Background: Cyclophosphamide and infliximab are recommended as induction therapies for severe Behçet's syndrome. Whether infliximab is safer and more effective than cyclophosphamide in treating severe Behçet's syndrome is not known.

Methods: In this phase 2, Bayesian, multicenter randomized controlled trial, we assigned patients fulfilling the International Study Group's criteria for Behçet's syndrome who had major vascular or central nervous system involvement to receive either intravenous infliximab (5 mg/kg at weeks 0, 2, 6, 12, and 18) or cyclophosphamide (0.7 g/m2 intravenously at weeks 0, 4, 8, 12, 16, and 20, with a maximal dose of 1.2 g/infusion). All patients received the same glucocorticoid regimen. The primary outcome was complete response (clinical, biological, and radiological remission with a daily prednisone dose ≤0.1 mg/kg) at week 22.
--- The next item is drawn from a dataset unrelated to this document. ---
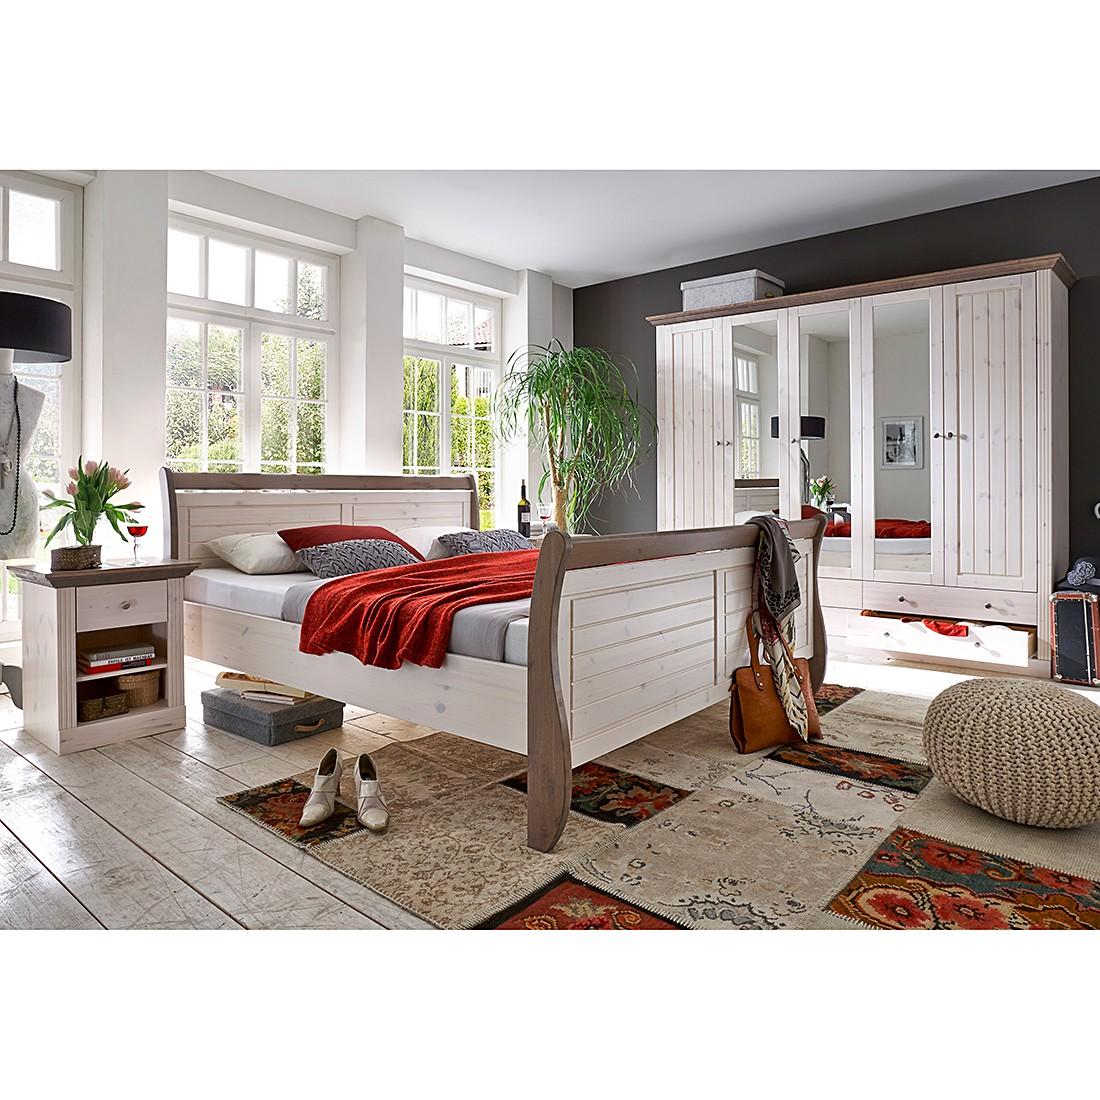 Schlafzimmersets | Schlafzimmer Komplett Online Kaufen | Home24, Schlafzimmer  Entwurf

Results: Between May 2018 and April 2021, 52 patients with severe Behçet's syndrome (n=37 [71%] with vascular Behçet's syndrome and n=15 [29%] with neuro-Behçet's syndrome) were randomly assigned to receive either infliximab or cyclophosphamide. Complete response was achieved by 22 out of 27 (81%) and 14 out of 25 (56%) patients in the infliximab and cyclophosphamide treatment groups, respectively (estimated difference, 29.8 percentage points; 95% credible interval, 6.6 to 51.7). The posterior probability that at least 70% of treated individuals achieved complete response by week 22 was 97.4% for infliximab and 6.0% for cyclophosphamide. Overall, adverse events were recorded in 8 out of 27 (29.6%) patients receiving infliximab and 16 out of 25 (64%) patients receiving cyclophosphamide (estimated difference, -32.3 percentage points; 95% credible interval, -55.2 to -6.6). Serious adverse events were reported in 15% and 12% of patients receiving infliximab and cyclophosphamide, respectively.

Conclusions: Among patients with severe Behçet's syndrome, induction therapy with infliximab had a superior complete response rate at 22 weeks and fewer adverse events than induction with cyclophosphamide. (Funded by the French Ministry of Health.).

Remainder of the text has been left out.